*** Provided data ***
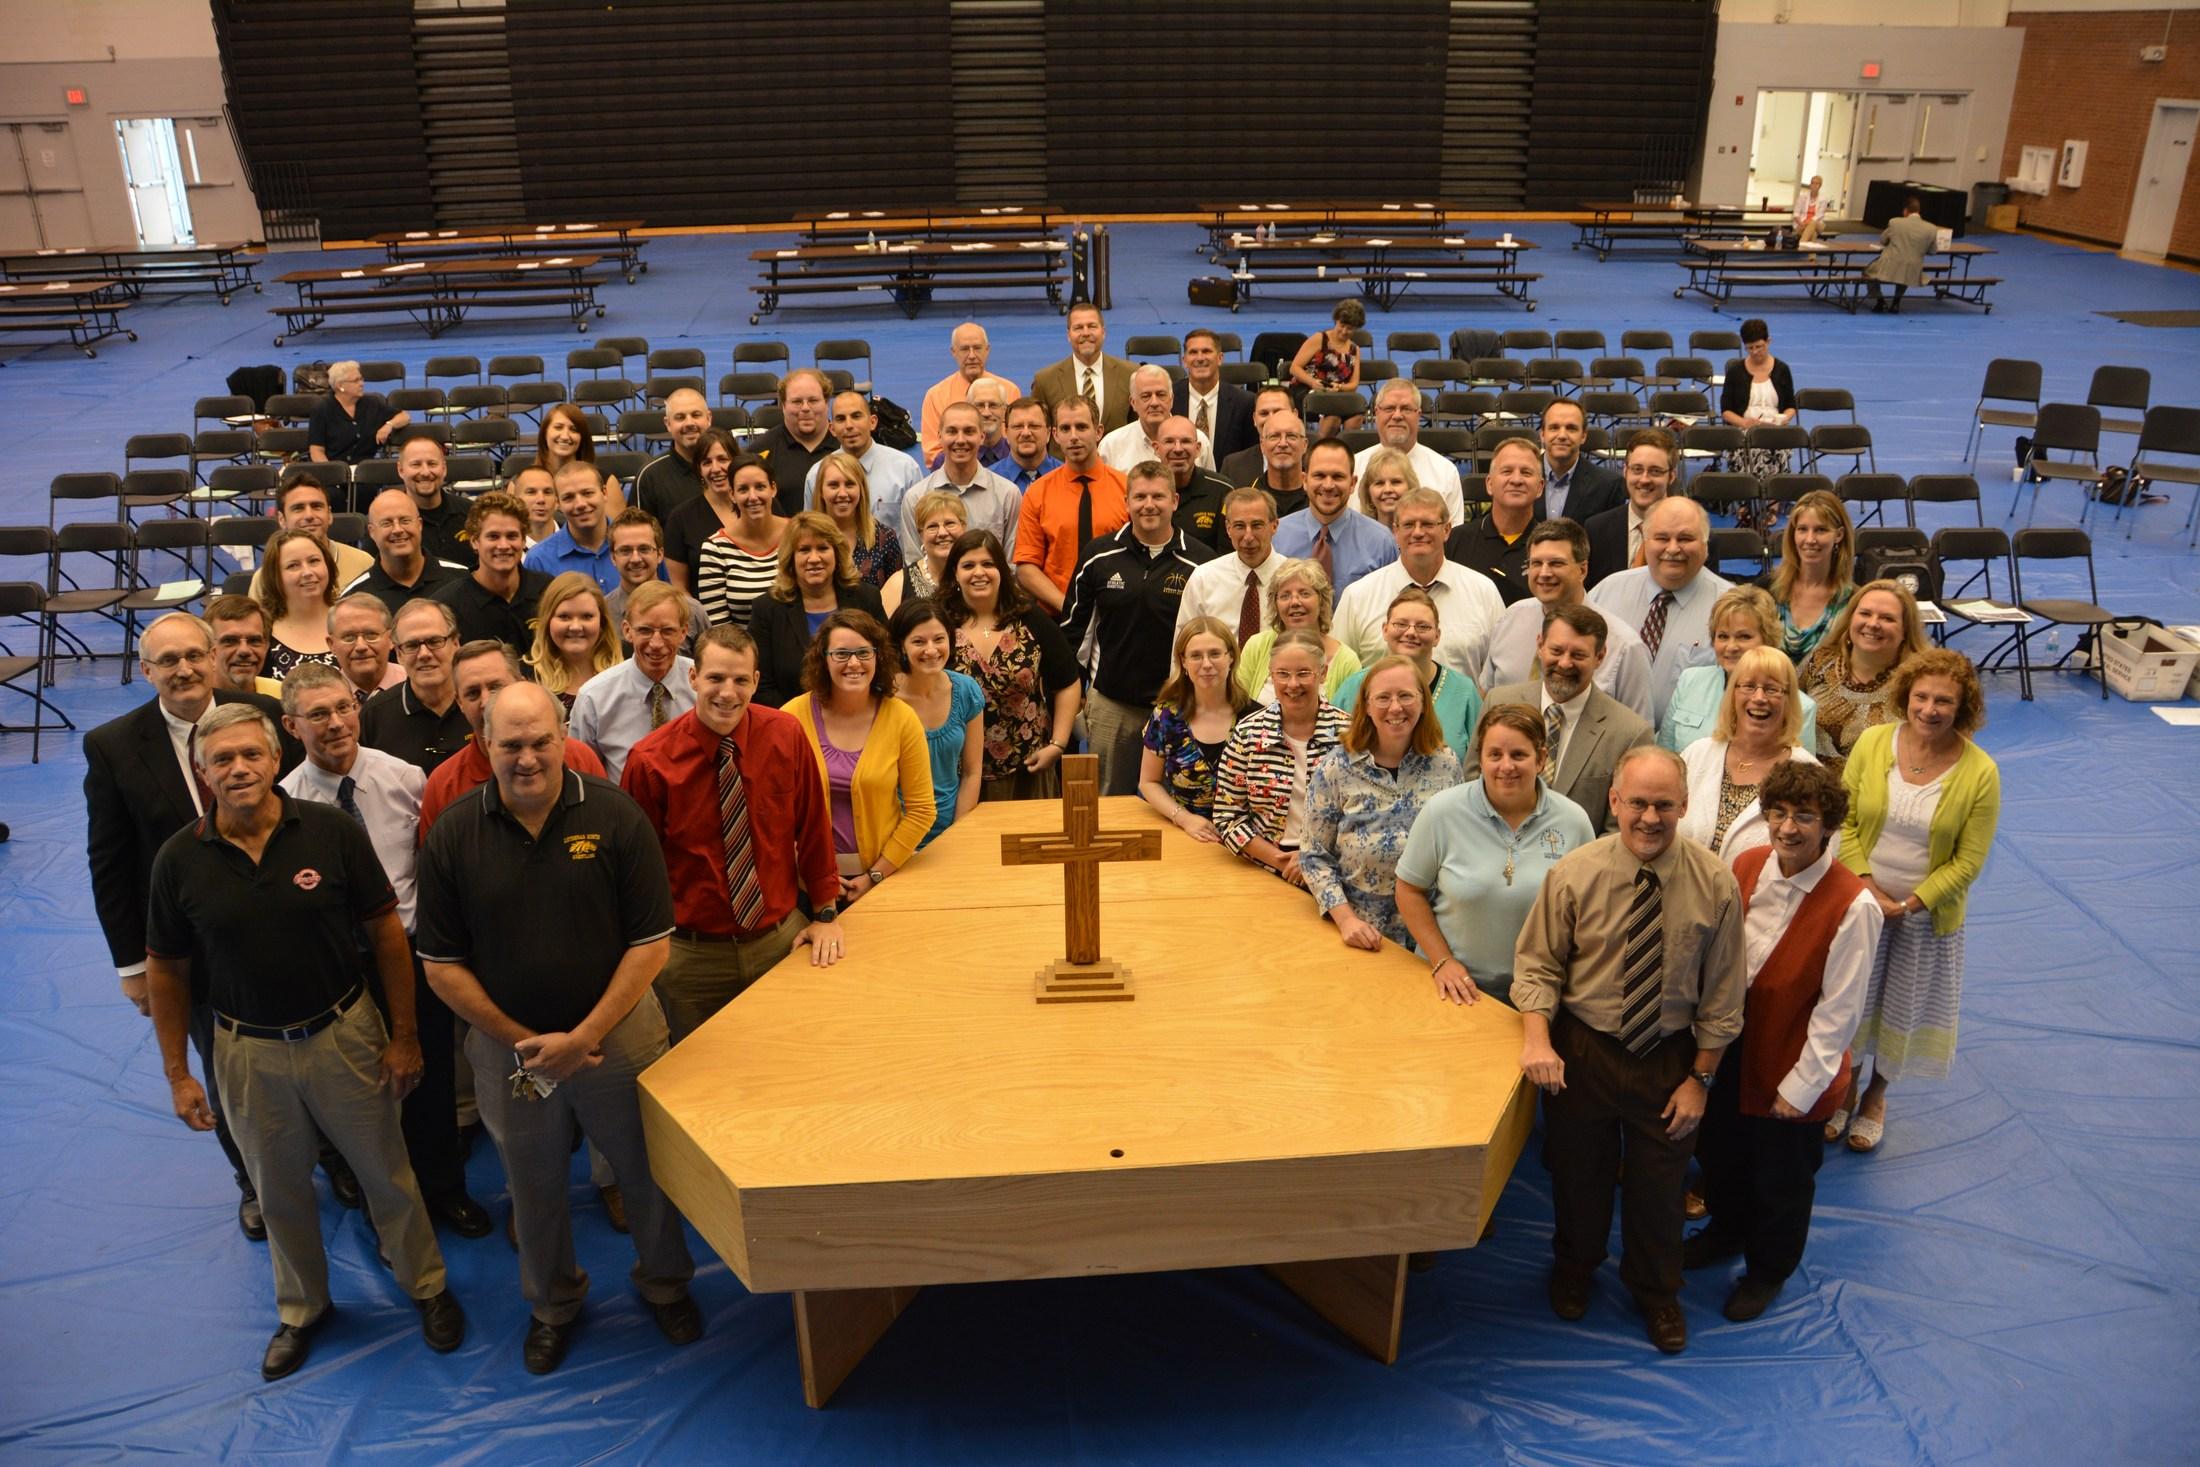 congregations.JPG
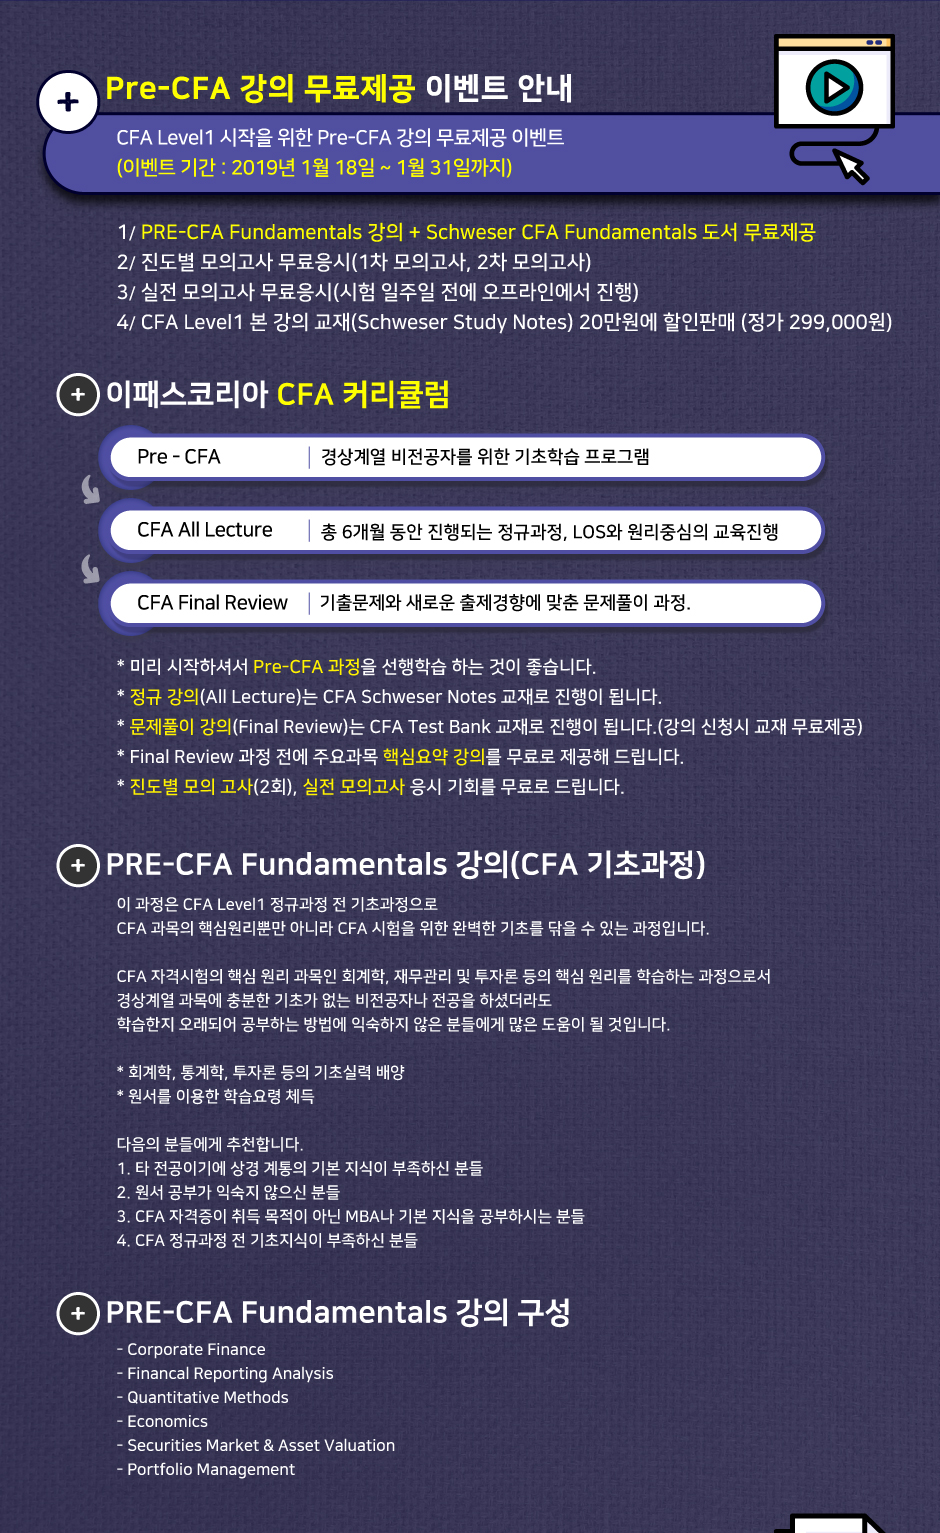 Pre-CFA 강의 & CFA Fundamentals 교재 무료제공
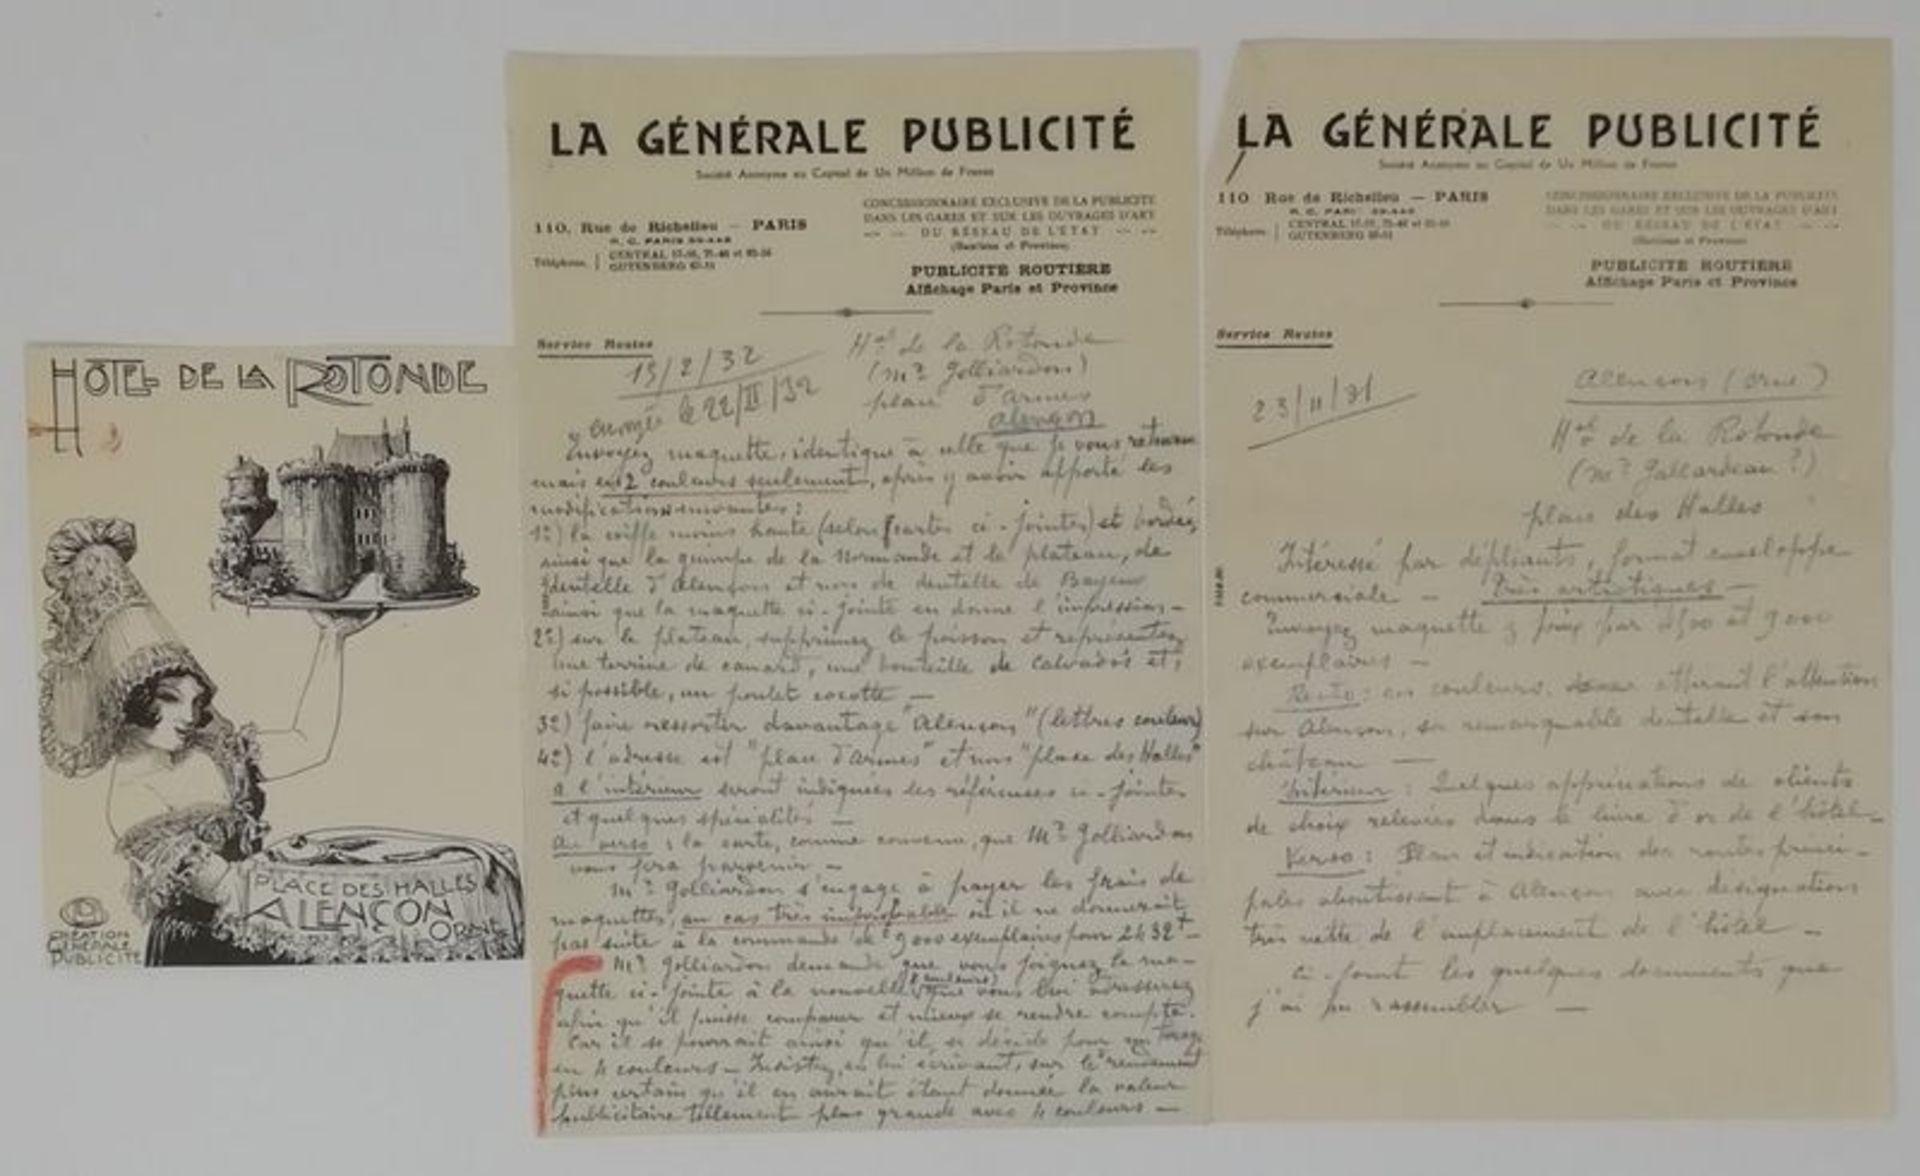 Charles-Léonce Brossé (1871 - ?) Advertising projects, menus, original drawings [...] - Bild 3 aus 4
*** End of Provided data ***
### Your assignment
Print the data above exactly; drop every picture.

### Exercise response
 congregations.JPG
 Pre-CFA 강의 & CFA Fundamentals 교재 무료제공
 Charles-Léonce Brossé (1871 - ?) Advertising projects, menus, original drawings [...] - Bild 3 aus 4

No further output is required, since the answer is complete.